Universal Robot Description Directory (URDD)

• Universal Robot Description Directory (URDD) is a modular, versioned framework that organizes robot models into interoperable, precomputed components.
• It improves efficiency and standardization by eliminating redundant runtime computations inherent in legacy formats like URDF.
• URDD employs an extensible directory structure and automated conversion pipeline, facilitating seamless integration with simulation, planning, and control applications.

The Universal Robot Description Directory (URDD) is a modular, versioned, data-centric framework for encoding, organizing, and distributing robot models, designed to supercede monolithic formats such as URDF by precomputing and packaging derived kinematic, dynamic, and geometric information into interoperable modules.
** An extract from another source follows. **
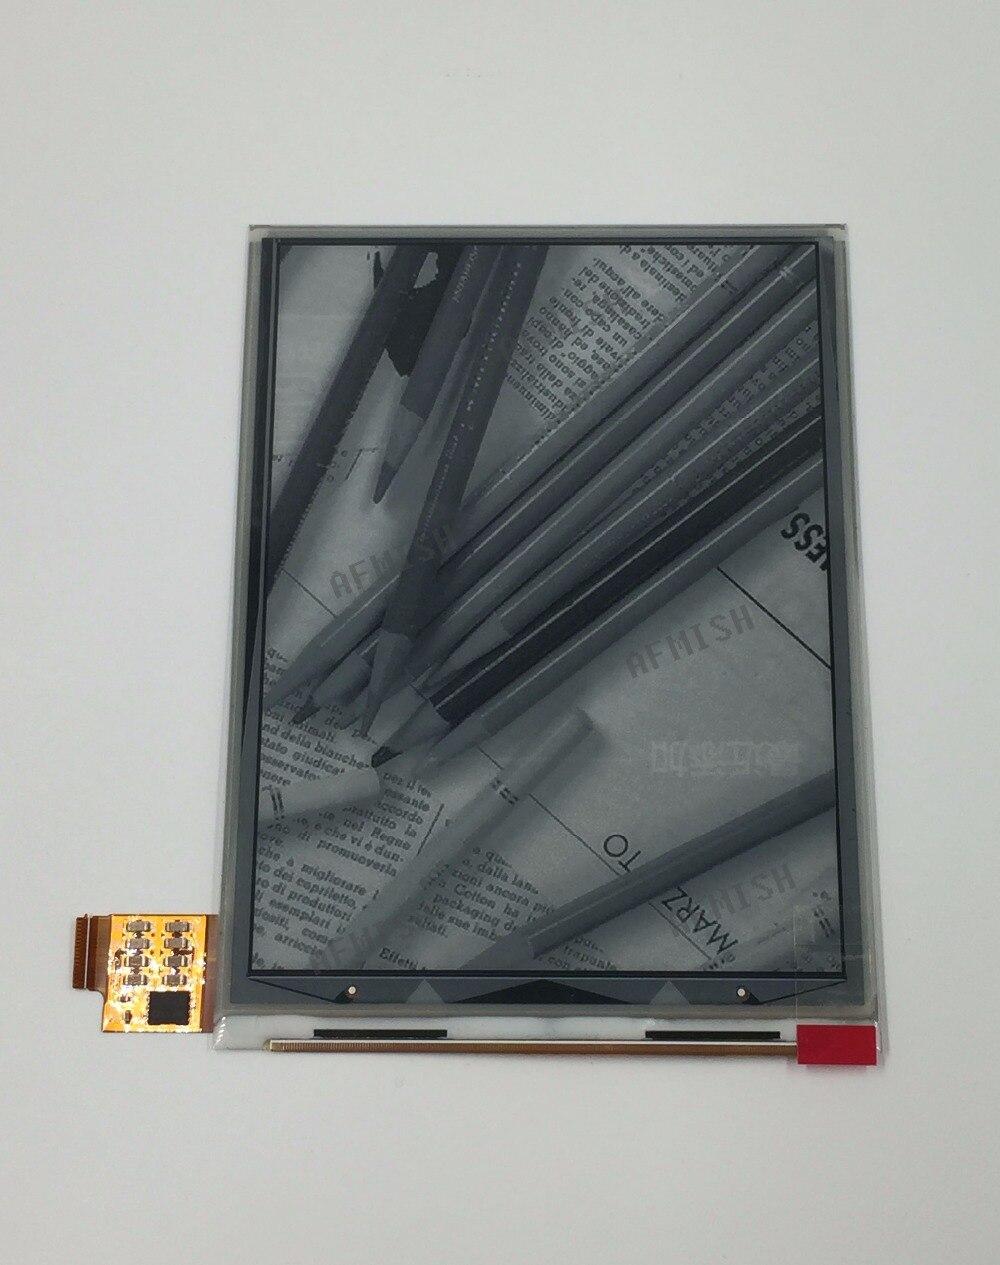 Tinta electrónica de 6 pulgadas para lectores de libros electrónicos, pantalla LCD de 6 pulgadas, sin retroiluminación y táctil, ED060XC8 100%, nuevo, envío gratis

URDD enables direct ingestion of comprehensive robot model data by simulation, planning, and control pipelines, eliminating the pervasive redundancy and fragmentation that arise when each tool independently parses and postprocesses legacy description files (Klein-Seetharaman et al., 29 Dec 2025).

1. Motivation and Context

Traditional robot description formats such as Unified Robot Description Format (URDF), Simulation Description Format (SDF), MuJoCo XML (MJCF), and Pixar’s Universal Scene Description (USD) encode only basic connectivity, inertial, and mesh information. Consequently, robotics frameworks—including MoveIt!, Drake, and MuJoCo—must repeatedly infer additional data (e.g., forward kinematic chains, joint mappings, Jacobians, dynamic parameter arrays, collision hulls) with each use of the specification, resulting in redundant computations, schema fragmentation, and limited cross-tool standardization (Klein-Seetharaman et al., 29 Dec 2025). URDD was introduced to address this by structuring all derived robot information into standardized, human-readable, and easily parsed modules, accessible to any downstream application via a unified interface.
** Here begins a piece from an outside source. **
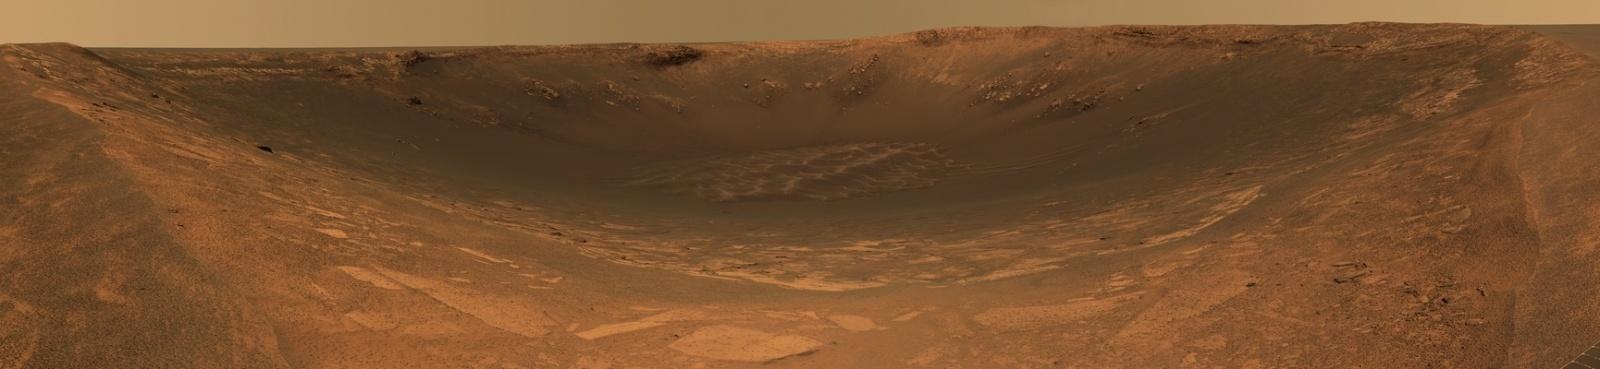 Незаметные «Возможности» в изучении Марса - 11

2. URDD Directory Structure and Schema

URDD decomposes robot model information into a directory of version-tagged subfolders, each containing a specific module in JSON and YAML formats. The schema is extensible, allowing new modules (e.g., precomputed Jacobians, symbolic dynamic models) to be added without breaking backward compatibility or requiring parser updates.

Canonical URDD directory structure:

Subdirectory	Content Domain	Example Module
metadata.yaml/json	Robot name, version, schema, tags	metadata.yaml
urdf/	Base URDF structure (JSON/YAML)	robot.json
dof/	DOF↔joint mappings	dof.yaml
chain/	Link–joint hierarchy	chain.json
connections/	All link↔link paths	connections.json
bounds/	Joint limits	bounds.yaml
mesh/	Raw and converted meshes	.glb, .obj, .stl
convex_hulls/	Precomputed convex hulls	link0_hull.glb
convex_decomps/	Convex decomposition elements	link0_decomp.glb
link_shapes/	OBBs, spheres, skip-pair statistics	link_shapes.json

Additional or future modules encompass learned collision models, link distance statistics, Jacobians, and dynamic models.

Version tags per module (e.g., "chain-0.1.0") facilitate compatibility verification and selective regeneration by automated tools (Klein-Seetharaman et al., 29 Dec 2025).

3. URDF-to-URDD Conversion Pipeline

The URDD toolkit is implemented in Rust, providing a series of transformation and computation passes that automatically extract, precompute, and serialize all required modules from an input URDF. The pipeline includes:

1. Parsing URDF XML to construct an in-memory representation of links, joints, inertias, and meshes.
2. Counting non-fixed DOFs, generating forward and inverse joint–DOF mappings, and emitting the dof/ module.
3. Computing the kinematic chain for chain/, recording the parent–child link hierarchy per link.
4. For every link pair, computing the minimal joint/link path and storing in connections/.
5. Extracting joint bounds from URDF and exporting to bounds/.
6. For each referenced mesh, exporting graphical assets (.glb/.obj/.stl) to mesh/, computing convex hulls (e.g., via QuickHull) for convex_hulls/, and performing convex decompositions for convex_decomps/.
7. Computing oriented bounding boxes, bounding spheres, and collision skip-pairs for link_shapes/.
8. Optionally packaging per-link learned collision models using external learning pipelines.
9. Finalizing output as version-tagged JSON and YAML modules within the output directory (Klein-Seetharaman et al., 29 Dec 2025).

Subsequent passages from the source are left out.